Homeopaths are on the ropes in the UK, and taking some serious, well-deserved beatings.  In Canada, a skeptical eye is being turned on them too, and not just by skeptics, but by the mainstream media.  Homeopaths don't like this, and will encourage their supporters to deliberately obfuscate the issue and blind people with personal anecdotes and harassment. 
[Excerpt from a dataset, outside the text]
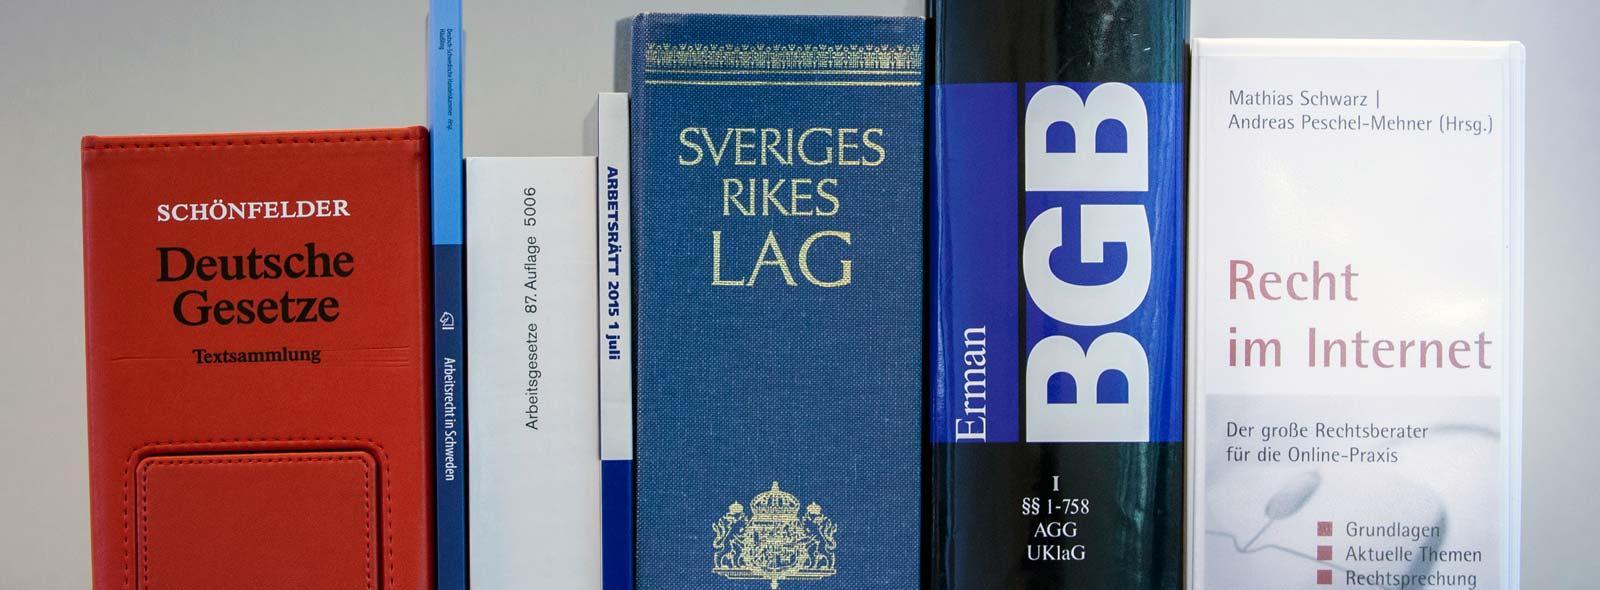 Recht Deutsch Schwedische Handelskammer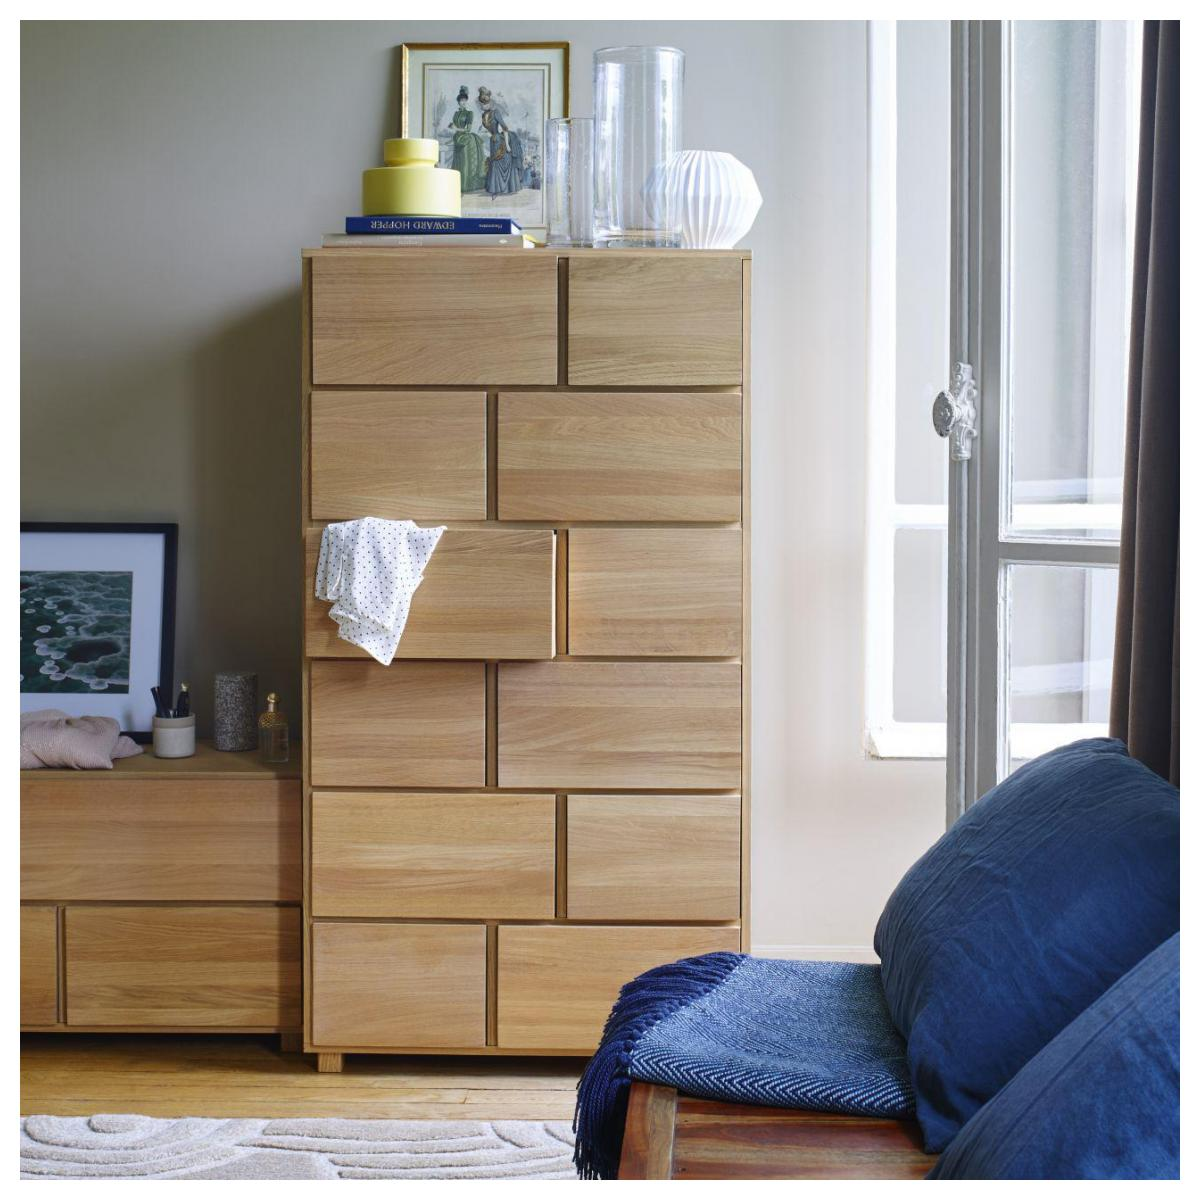 chiffonnier bois chêne massif Bethan Gray meuble chambre design - blog déco - clem around the corner

There is a high probability that homeopaths or their supporters will leave a comment below exclaiming, often (but not always) as a last resort, that I:
  1. a) Simply don't understand it.
  2. b) I need to read 21 papers that support their position.
  3. c) Until I've read these 21 (or more) "scientific studies", I'm not qualified to be talking like this.
  4. d) I am speaking out of my simple minded, music teacher ass (Bryce Wylde once derisively called me "Music Man" and in the next breath said that I was stewing in bitterness.)
They will also call us communists in the pocket of their favourite enemy (after skeptics), "Big Pharma:"
The skeptical movement is an offshoot of the Communist Party. (Really: see the top two links below.) Its top organizers were hired by pharmaceutical company and medical industry representatives to recruit malcontents in bars to spread hate propaganda against non-conventional medical systems. One of the first such skeptic groups referred to itself as “Skeptics in the Pub”. Not surprisingly, their rants against Homeopathy sound like the drunken cacophony of soccer hooligans."
The above quote was pulled from a new pro-homeopathy website owned by Kitchener-area homeopath Tracy Poizner. (To me, it sounds like "poisoner").  Communists Party offshoot. Drunks. Hired by pharmaceutical company and medical industry reps to recruit malcontents in bars.

To Tracy Poizner:  You provide no evidence of these claims, and make no mistake: this is slander, libel, and deliberate character defamation on your part.  If you cannot provide evidence, I suggest you remove this, before some skeptics with a skin as thin as yours decide to take legal action against you.  Your tactic is despicably cowardly, as we already know what McCarthyism did to a culture.

It's now been 9 hours since I took 50 homeopathic sleeping pills.  It's just past 10:00 pm as I write this, and I've been up all day.  I just yawned.  Homeopaths: don't claim this as a yawn in your favour.  I'm just bored writing about you.

Because it's not homeopathic.  It's homeopathetic.

And no, I don't think that's very clever of me.